The Hinds County Circuit Court agreed that the Link was not qualified, but ignored the Advocate and awarded the contract to the Northside Sun, which was the second-lowest bidder. The Sun, which distributes mostly to North Jackson and nearby suburbs, contested the council's 1995 decision to award the contract to the Advocate.
All the papers involved in the squabble, including the Sun, the two black papers and, increasingly, various sections of The Clarion-Ledger, are also distributed for free in racks and boxes and even "forced circulation," which in The Clarion-Ledger's case means dropping several copies in yards in certain neighborhoods of the city. The trend in the newspaper industry, over all, is toward free circulation—because, increasingly, younger people are not willing to pay for newspapers in the Internet age.
The Association of Alternative Newsweeklies Executive Director Richard Karpel said the trend has been growing since the early 1970s of newspapers switching to free circulation products. "And even recently the trend has been moving into mainstream papers," Karpel said. "A lot of the large daily newspaper companies started (free) 'youth oriented' tabloids as advertisers recognize the importance of that market."
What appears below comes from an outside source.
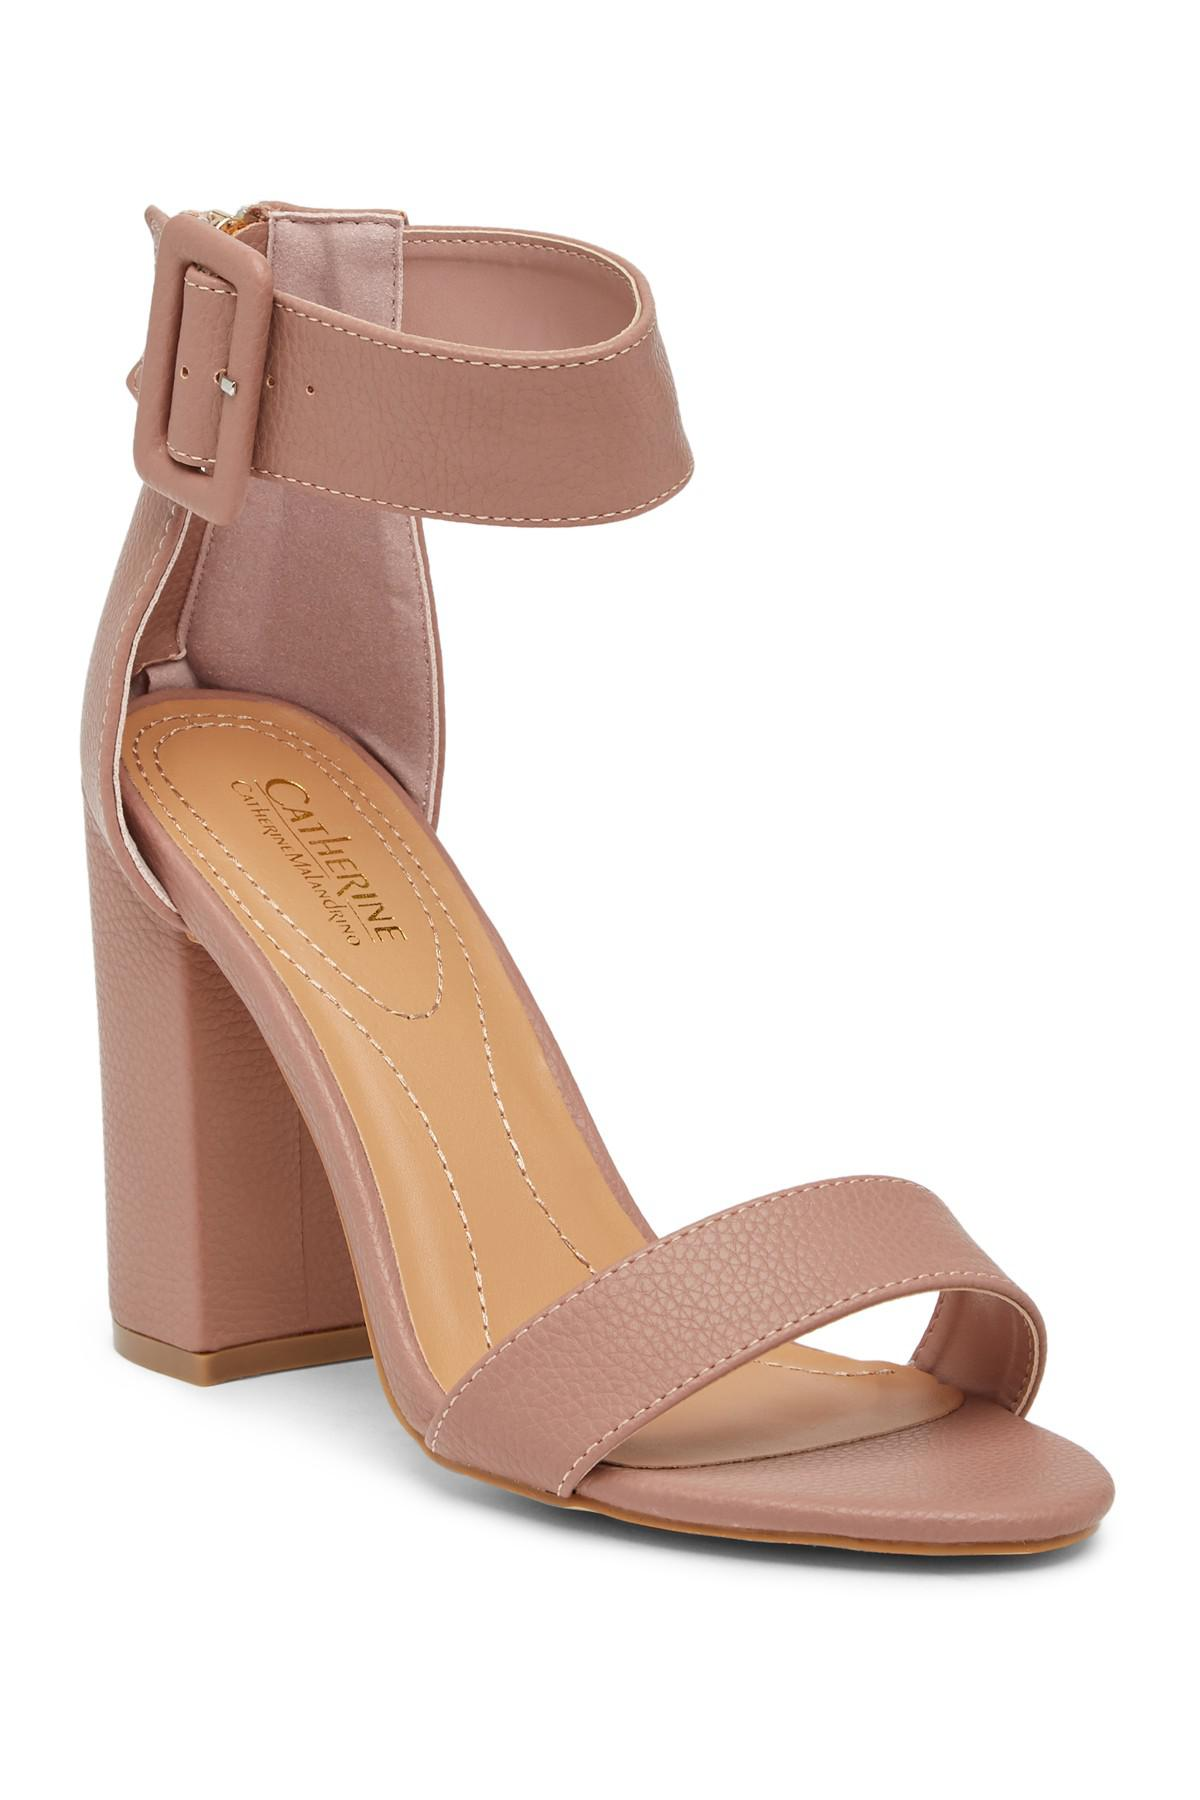 ba3f6c59f20 Lyst - Catherine Malandrino Seaker Open Toe Heeled Sandal

Following modern trends, the Jackson Free Press is distributed through "controlled circulation," meaning free-but-audited distribution of 15,000 issues with readership of nearly 40,000 in the Jackson metro, according to the 2005 national Media Audit survey.
While council members prepare for a veto override, the contract will remain with the last contract winner, The Clarion-Ledger.
Garrett's attorney Dorsey Carson Jr. said the contract had no legal reason for dispute. "The mayor stated on record that his veto was because it would be better in a paper of mass circulation. Well, he specifically said he wants it in The Clarion-Ledger, but to me there's no clearer breach of the statute than to say he wants it to go to a specific paper. This was the council's decision. Not the mayor's."
Garrett said vindictiveness fuels the mayor's decision.
"The mayor does not want anybody who had any support for (former Mayor) Harvey Johnson to have any work with the city," Garrett said. "I doubt the mayor is really making this decision for the betterment of the city. If the Link gets the bids, companies will know to look in my paper for the ads, or they'll subscribe to it or buy it off the stand or just go to our Web site and read it for free, because they'll be posted on our Web site just like they would be posted on the Clarion-Ledger."
Melton also said The Clarion-Ledger is published online and would reach more viewers through the Internet, saying online publishing would be critical to the city in the aftermath of Hurricane Katrina.
Garrett contested that argument. "If you want to look at the limitless circulation involved in online publication, you could say we're the same size as The Clarion-Ledger," Garrett said. "This is nothing but personal."
Barrett Simon said she "could see how Garrett would feel that way."
"The statute calls for the lowest bid. It doesn't say anything about the best bid," Barrett Simon said. "We voted for the lowest bid. The council tried to do what was right."
Other people contracted or employed by the city have called Melton's interference in city contract awards and firings "personal."
Last month, Southeastern Consulting Group Inc. President James Covington, also an avid Johnson supporter in the last election, accused Melton of canceling an extension of the city's communications tower upkeep contract with his company out of vengeance.
"There's no question that this man is capable of vindictiveness," Covington said last month.